**What the exercise asks**
Among the entries below, copy only the span from the line containing "Sarajevo, capitale olympique" through the line containing "カレンダー 2014年1月カレンダー : 2014年1月カレンダー壁紙(1)". Do so exactly, and skip the pictures.

**Dataset extract**

****

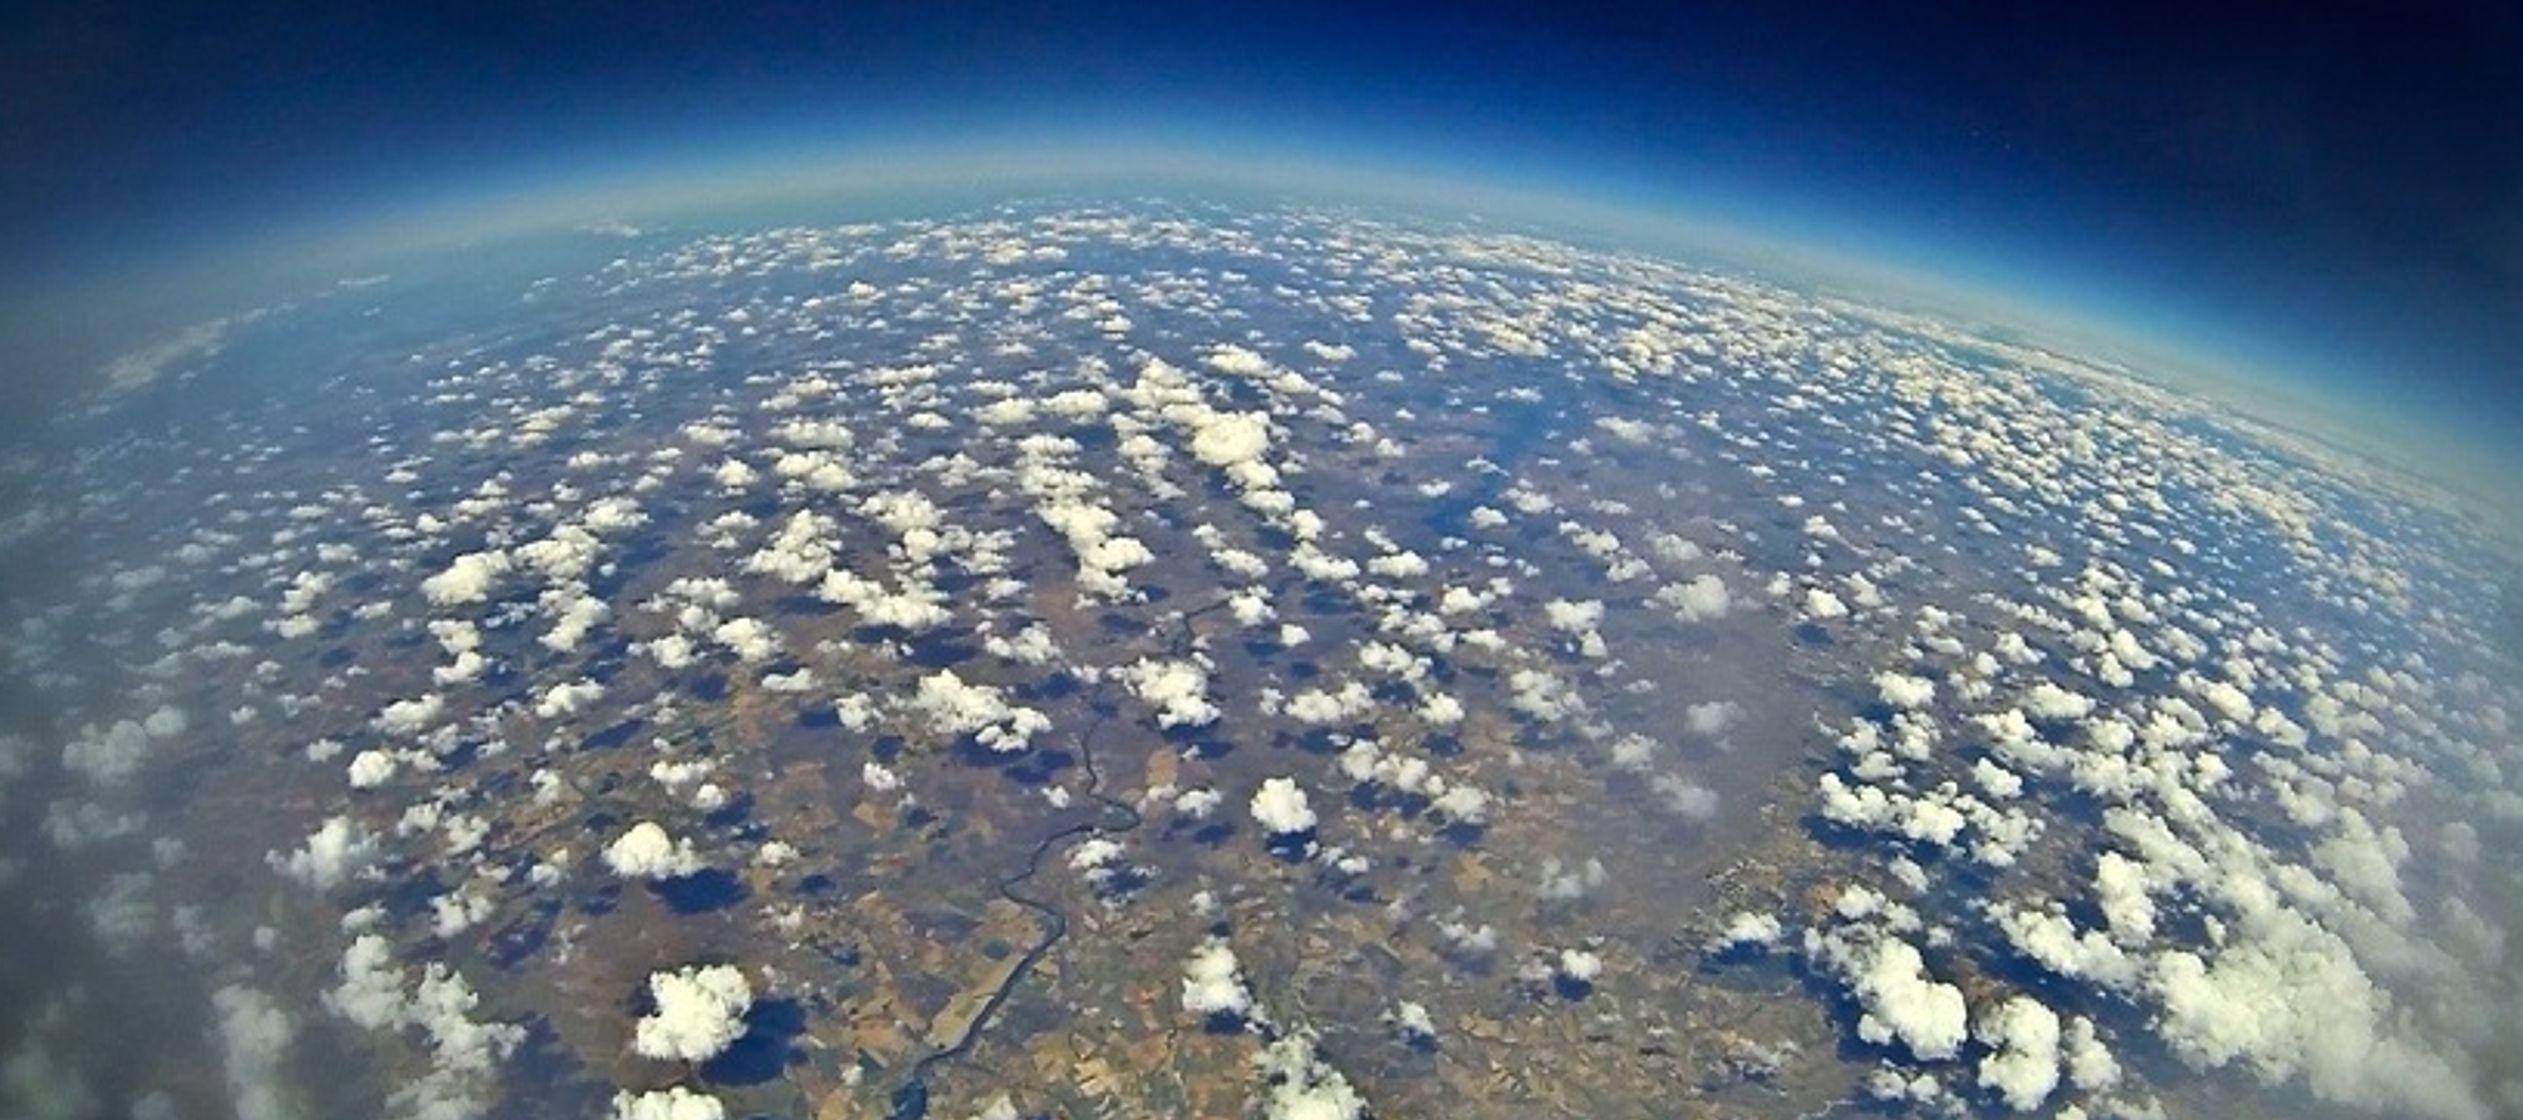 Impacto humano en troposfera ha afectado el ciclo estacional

****

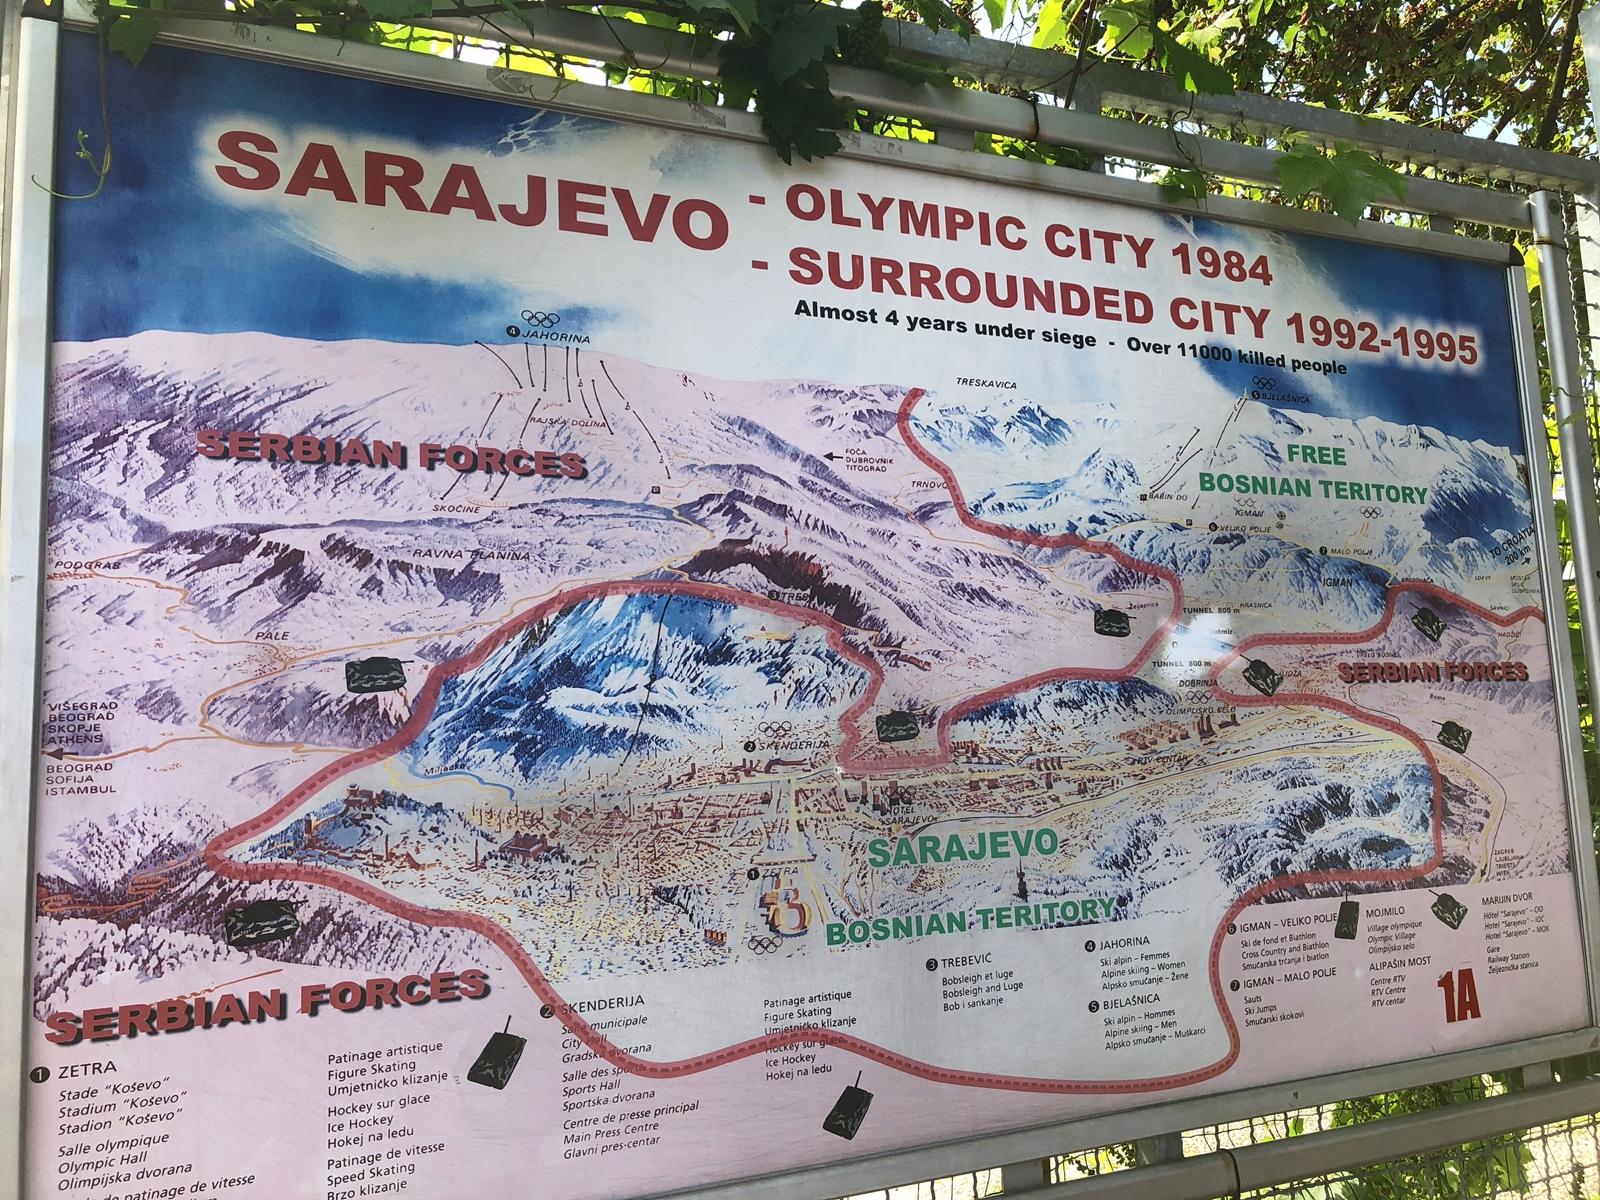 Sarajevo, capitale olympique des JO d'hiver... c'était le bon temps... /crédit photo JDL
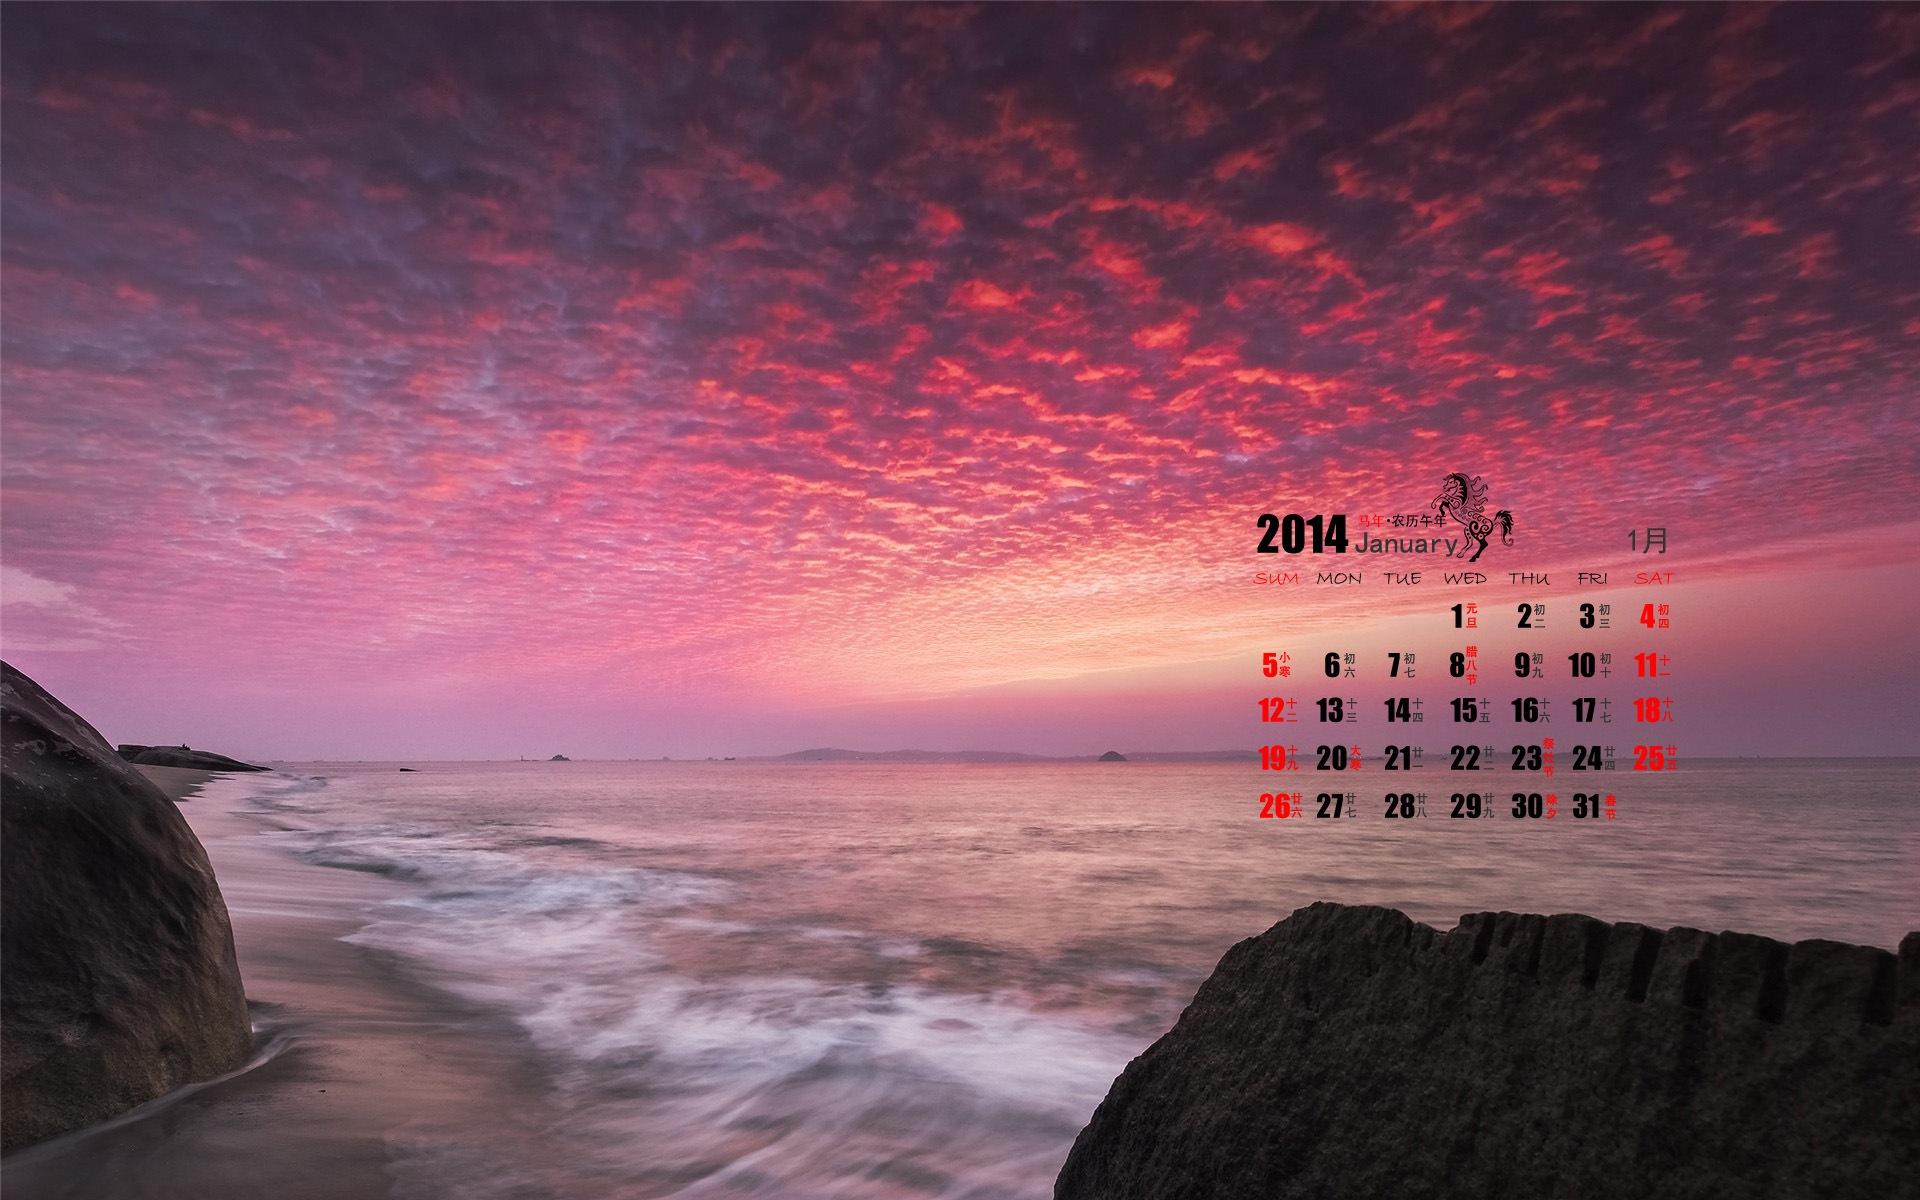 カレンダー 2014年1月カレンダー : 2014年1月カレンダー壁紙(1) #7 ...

****

**Written reply**
 Sarajevo, capitale olympique des JO d'hiver... c'était le bon temps... /crédit photo JDL
 カレンダー 2014年1月カレンダー : 2014年1月カレンダー壁紙(1) #7 ...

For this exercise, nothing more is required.